I became infected with functional programming and reactive approach. For inspiration and ideas, I use Haskell and an awesome Rick Hickey article. In the python world I found for myself RxPy and funcy libraries. Now I have thousands of lines of imperative code, which I want to make functional. If everything is simplified, I have an interface of getters and setters for the database and a kernel that works like a state machine. Here's how it looks on pseudo code:
class State(object):
def __init__(id):
self.data = database_interface.get_state(id)

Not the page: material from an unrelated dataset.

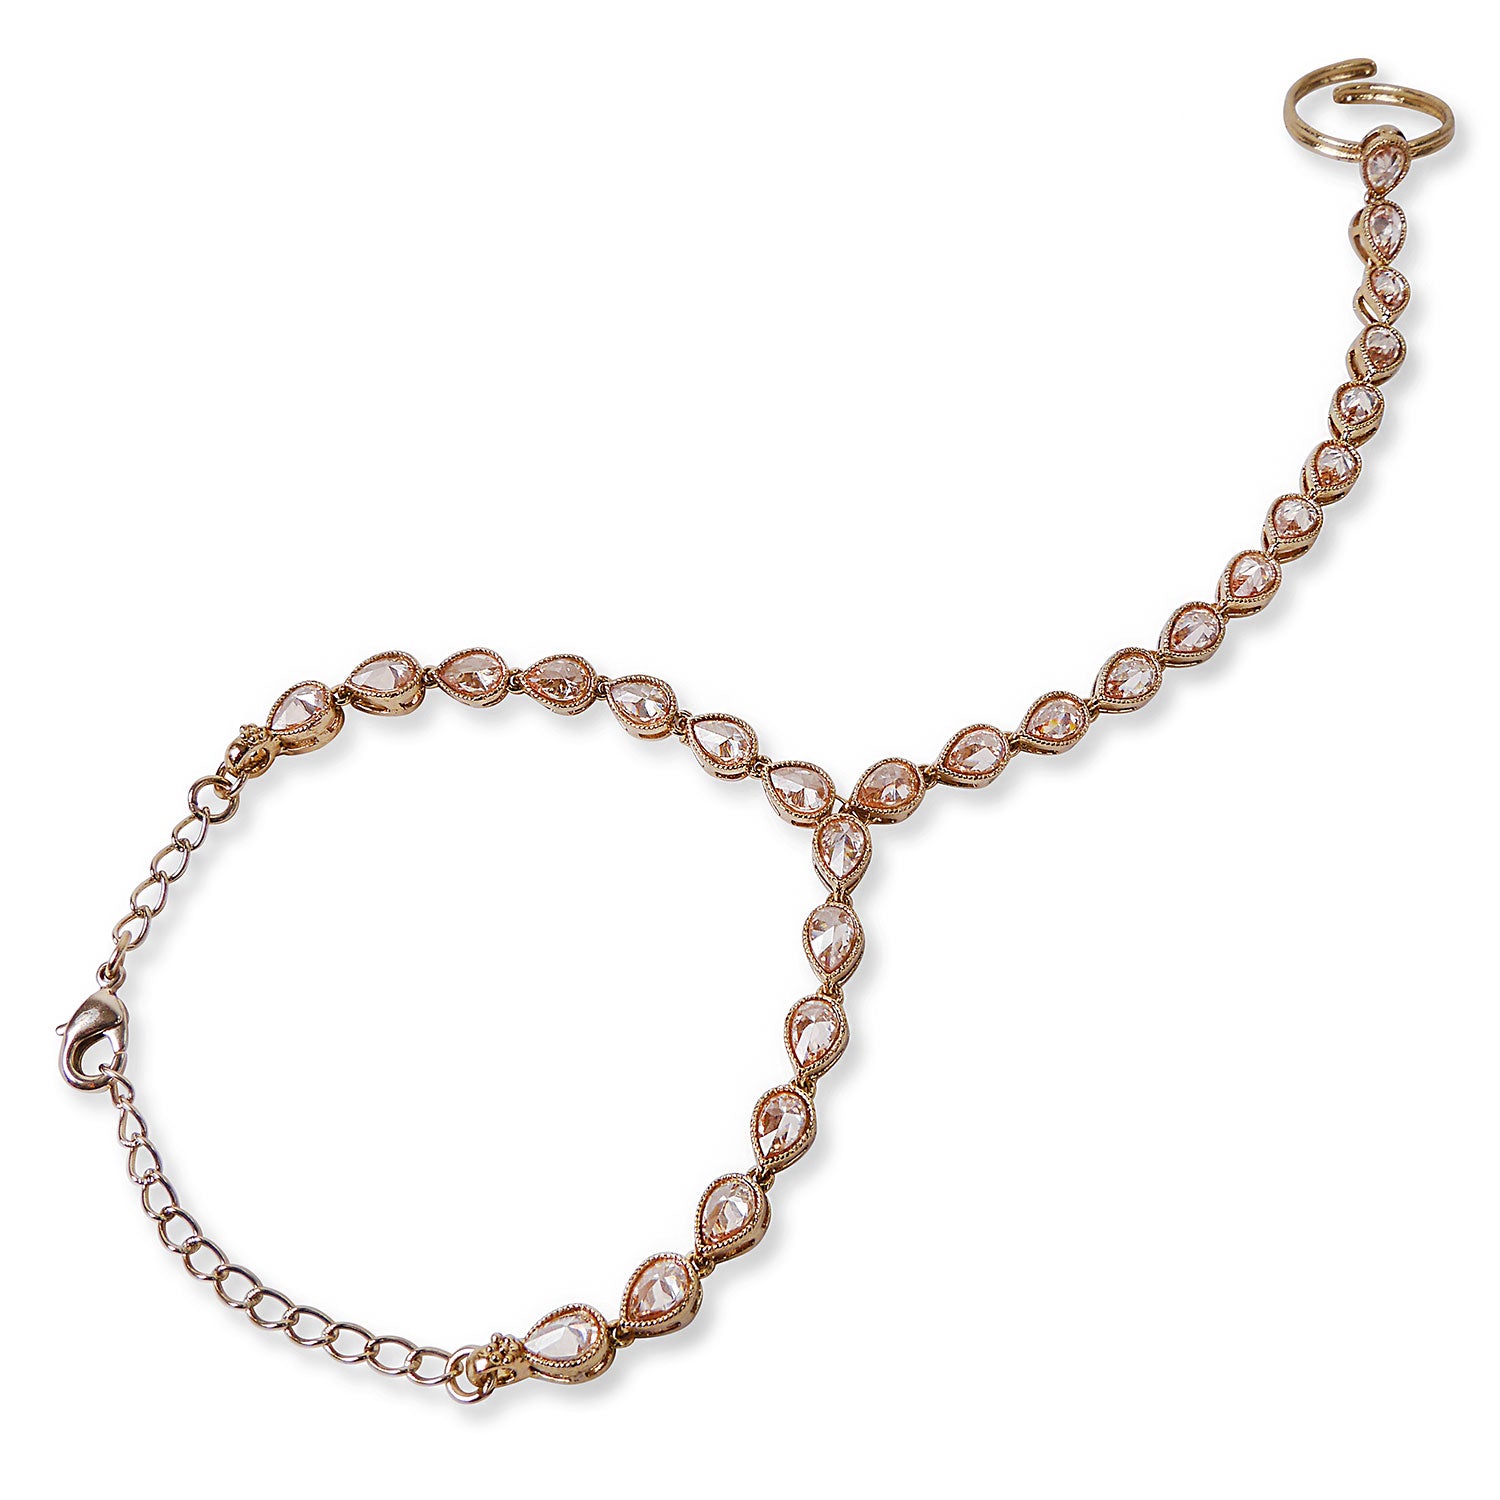 Pear Crystal Hand Chain in Antique Gold

self.status = data['status']
def process(self):
if self.status == 'init':
self.handle_init()
elif self.status == 'request_data':
self.handle_request_data()
elif self.status == 'idle':
self.handle_idle()
# etc...
...
def on_new_message(msg):
id = msg['id']
state = State(id)
state.process()
I have a lot of if
and for
imperative business logic in my state handlers. And I'm really embarrassed how to move from the current model to reactive and functional. Here everything is very simplistic, but who already had a similar experience will understand me. I need advice on where to move next, from ideas to practice, larger than simple utilities or trivial REST api in a functional style. Also, I will be very helped by links to the source codes of really large projects, wherever I could get ideas. Thanks to everyone who responds, having a real experience porting the imperative code to the functional one. Yes, I understand that it will not be porting the code, but rewriting it from scratch. Again, I need examples of projects with a large number of business logic, where there is work with data and mutations of data. Anyway, thank you.